そんななか、グルメ・レストランサイト「ヒトサラ」が、今年5月からユニークな新サービスを始めた。それが「シェフがオススメするお店」。その名のとおり、シェフたちが自分のお気に入りのお店を紹介してくれるのだ。サービスに参加しているシェフは約2900人、オススメされている店舗数は3400軒以上にのぼる(※2015年12月現在)。

複数のシェフからオススメされている店などは、まず間違いなく美味しそうだが、シェフにとって他の料理店というのは、いわばライバルでもあるはず。実名でオススメすることに抵抗はないのだろうか?

そこで、同サービスを手がけるヒトサラ編集長の小西克博さんとUSEN集客支援事業部事業部長の成内英介さん、さらにサービスにシェフとして参加している東京・代々木上原のフレンチ「セララバアド」のオーナーシェフ橋本宏一さんに、話を聞いてきた(以下敬称略)。



――シェフとして実名で他店を紹介することに抵抗はなかったですか?



橋本シェフ:とくになかったですね(笑)。自分が好きな知り合いのお店や実際に食べに行って感動した店などを紹介しています。

成内:このように、みなさん快諾してくれますね。業界を盛り上げていこうという意識もあるのかもしれません。また、本当にいい店をすすめているシェフはファンも増え、結果その店が繁盛するという好循環も期待できます。

小西:我々もお店に行ってシェフと仲良くなったりすると、「ちょっと蕎麦屋でオススメない?」なんて訊いたりしませんか。そんな感覚です。

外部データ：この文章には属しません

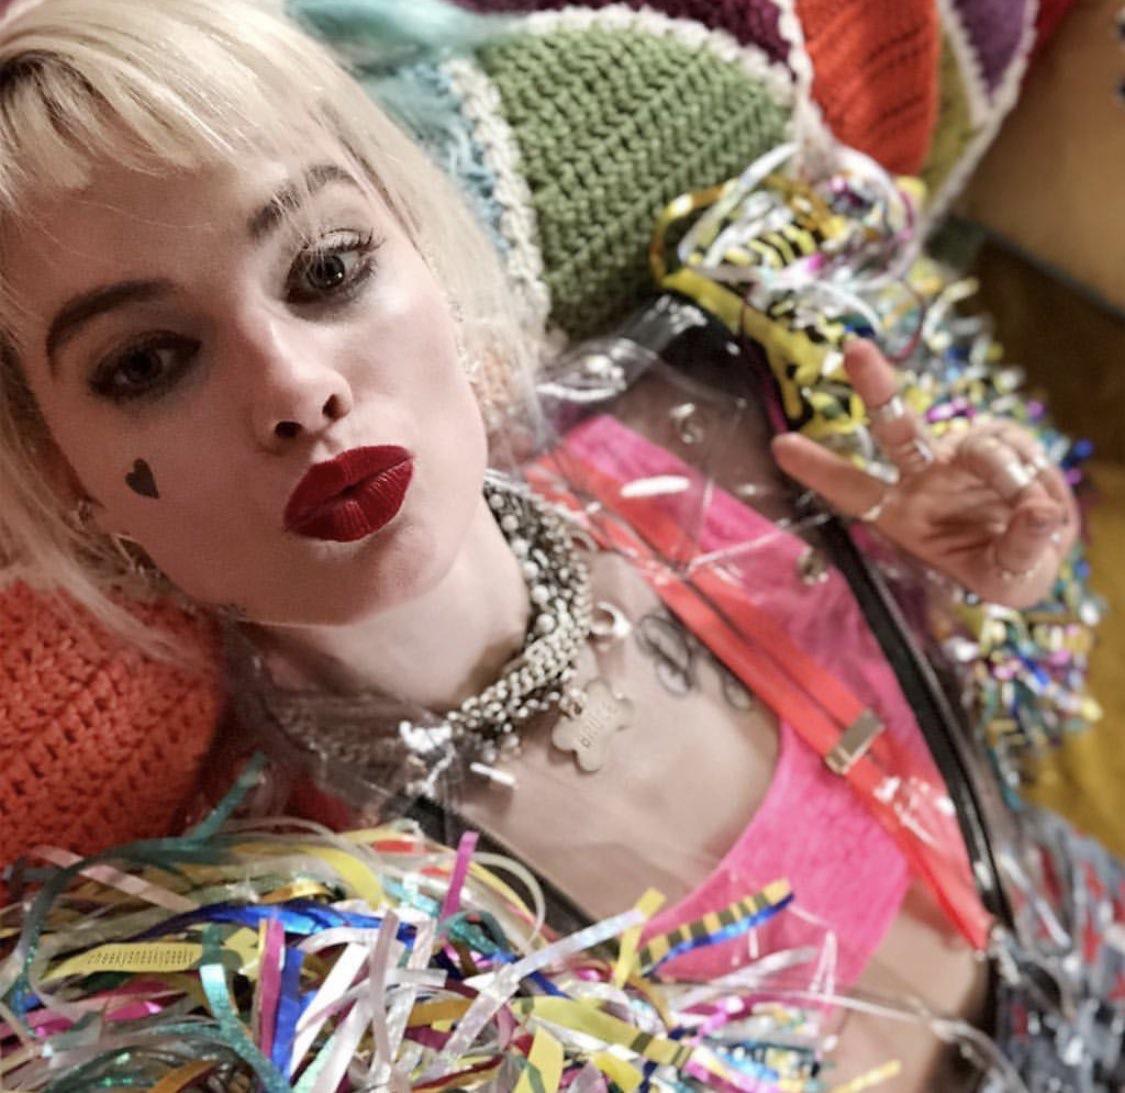 First Look: 'Birds of Prey' movie teaser features Harley Quinn and the gang

成内:デートや会食のとき、「口コミサイトの点数が良かったからこの店を選んだ」というよりは、「○○シェフが薦めている店なんだよ」といったほうが、話も盛り上がるのではないでしょうか。

――サービスを始めようと思ったきっかけは?
小西:もともとヒトサラのコンセプトは「料理人の顔が見える」こと。お客さんにとって安心・安全というのは、シェフの顔が見えることだったり、食材をどこで仕入れているかがわかることだったり、そういうところだと思います。

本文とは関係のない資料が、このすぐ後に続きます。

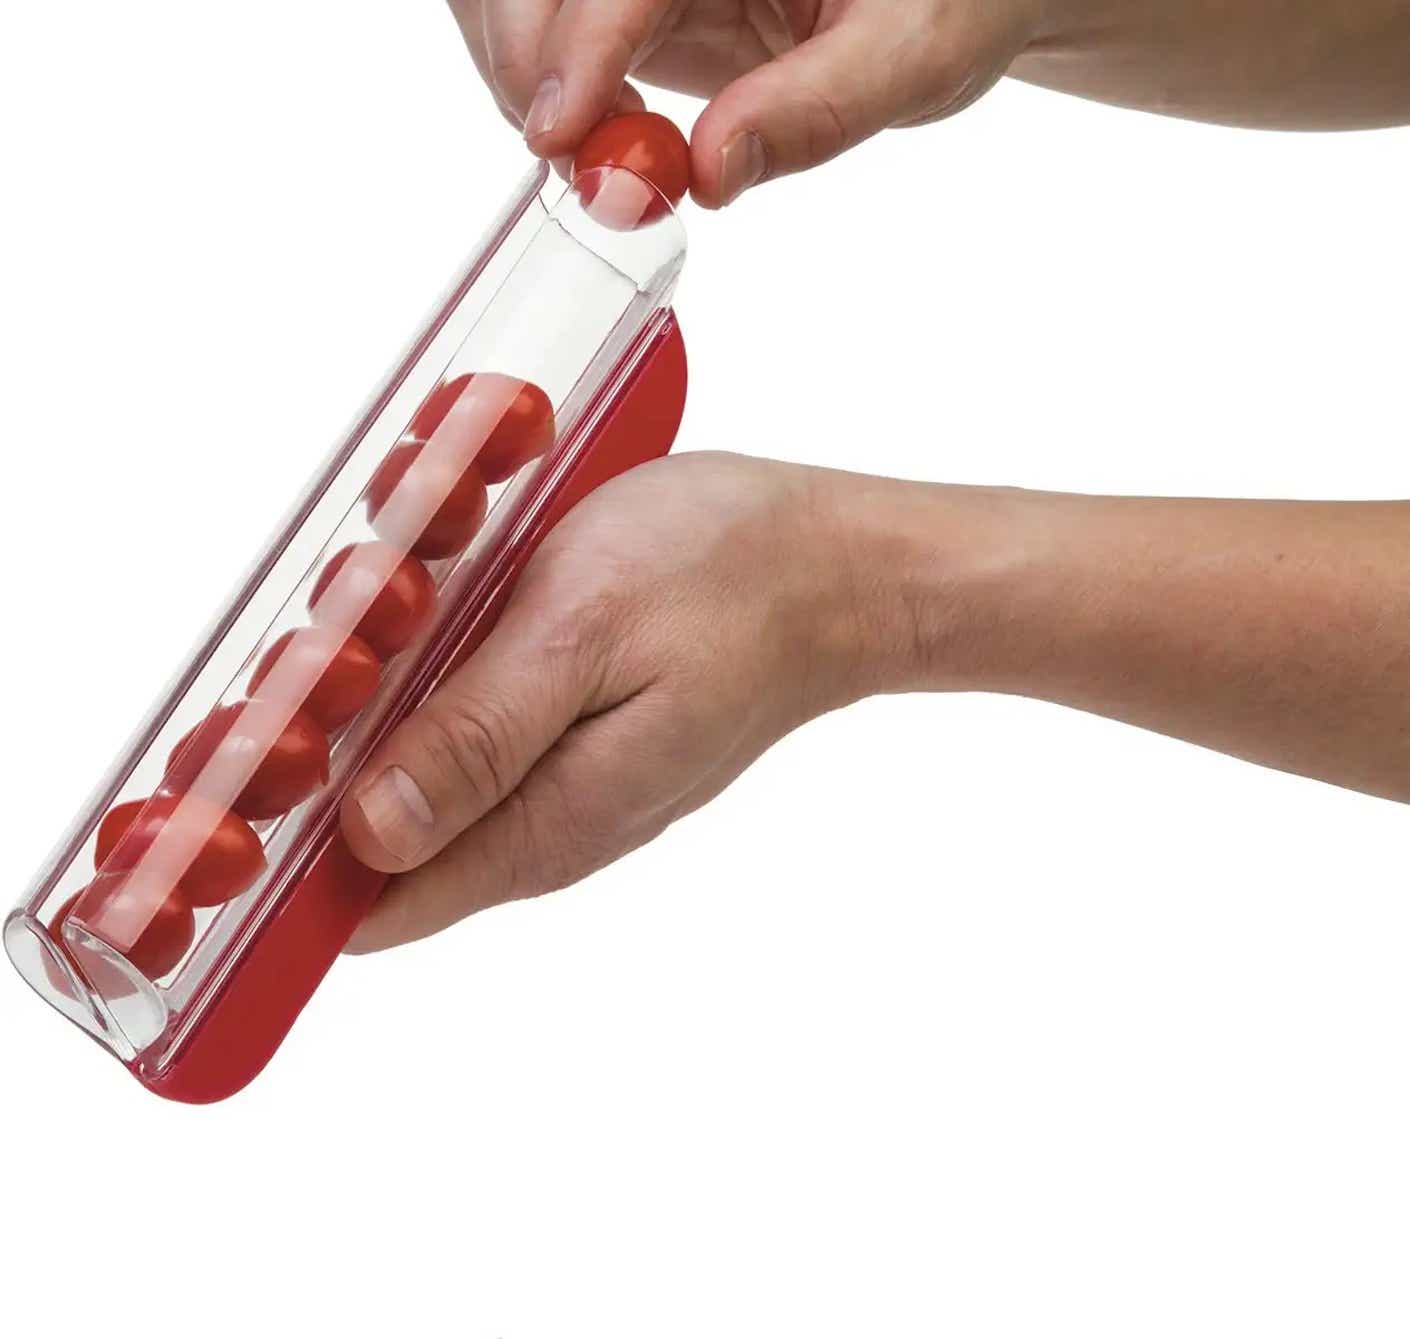 A hand places a row of cherry tomatoes into a zip slicer that can cut through all the tomatoes at once.

成内:そこで、まずは料理人の顔が見えるサイトとしてスタートしたのが3年前。さらに、もう1歩先に行こうと、プロのシェフがお店を薦めるサービスをはじめたのが、今年5月です。ちなみにアメリカにもシェフが他の店を評価した情報が閲覧できる「Chefs Feed」というアプリがあり、大人気なんですよ。

――橋本シェフの店選びの基準は?
橋本シェフ:やはり知り合いのシェフの店に行くことも多いですね。かつて一緒に働いたことがあるシェフなら久々に顔を見にいきたいし、最近はどういう料理を作っているのかも気になるので。



――それ以外のお店だと、みるポイントは?
橋本シェフ:国内なら使い勝手のよさ。価格と味のバランスや近所であるとか。あとは職業柄、クリエイティブかどうかとかも気にします。一度行って気に入ったら何度も同じところに行くタイプなので、カジュアルでフレンドリーな店のほうが好み。うちの店もカジュアルでフレンドリー。かしこまらずリラックスしてもらいたいので、テーブルクロスもなし、ドレスコードもありません。

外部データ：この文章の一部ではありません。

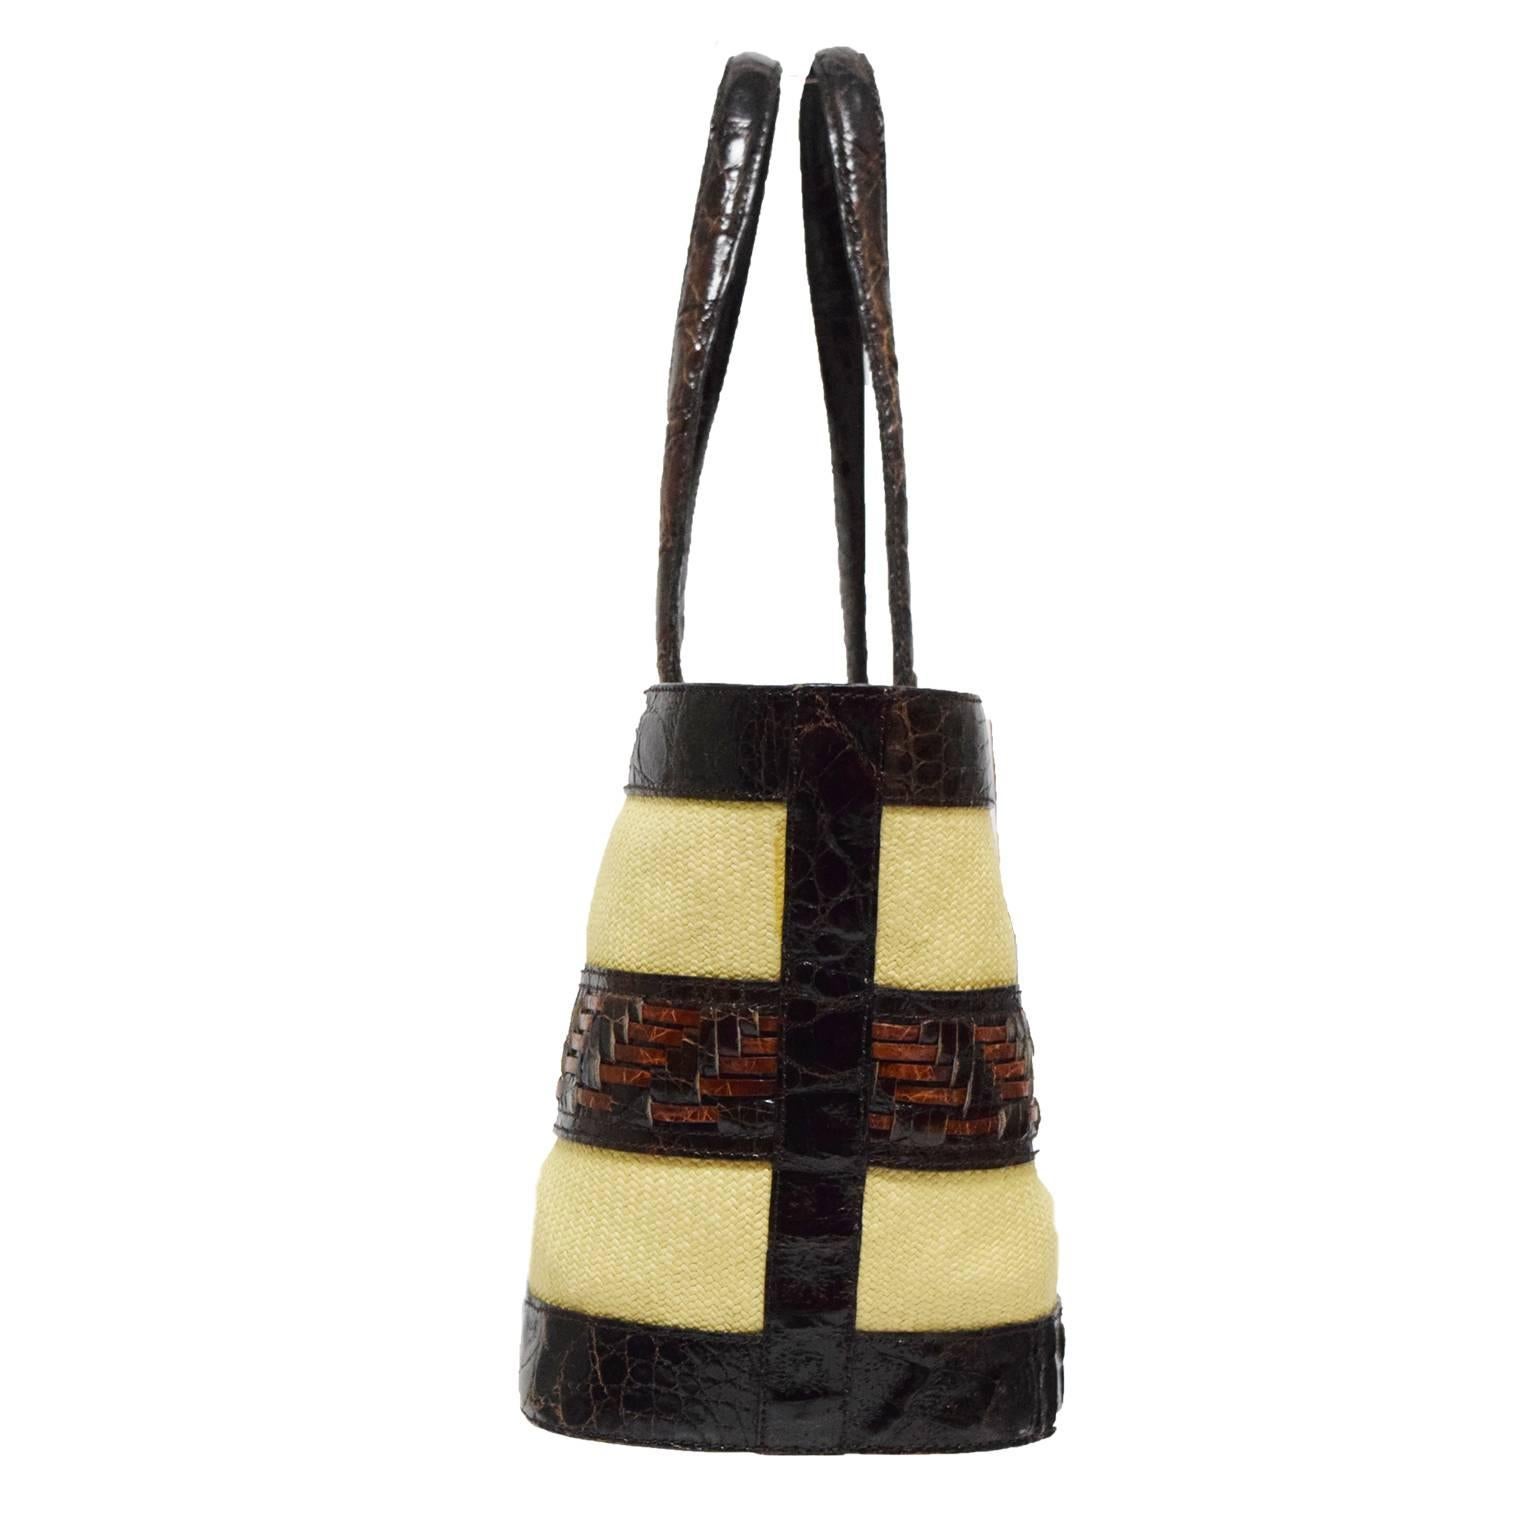 This Nancy Gonzalez Croc Tote is made from real dyed Crocodile, natural straw in chocolate brown and beige and are basket weaved to create this structured tote. Strap Drop 12 inches.

――レストランを楽しむコツのようなものがあれば教えてください。
橋本シェフ:情報過多になりすぎず、ニュートラルな目線を持つのがよいと思います。最近はいろんな価値観があって、人それぞれちがう。美味しいか美味しくないだけじゃなく、楽しいか楽しくないかも大切です。店に食べに行くことで、季節やアート的なものとか、何かしら感じて、楽しめるのがいいと思います」

ちなみにヒトサラは2年前のスタート時に比べて、ページ閲覧数は約3倍に伸びているそう。「シェフがオススメするお店」以外にも子連れのランチにおすすめの100店を紹介する「こどものヒトサラ」など、いろいろな切り口でお店が紹介されている。忙しい年末、悩んだときはお店選びの参考にしてみては?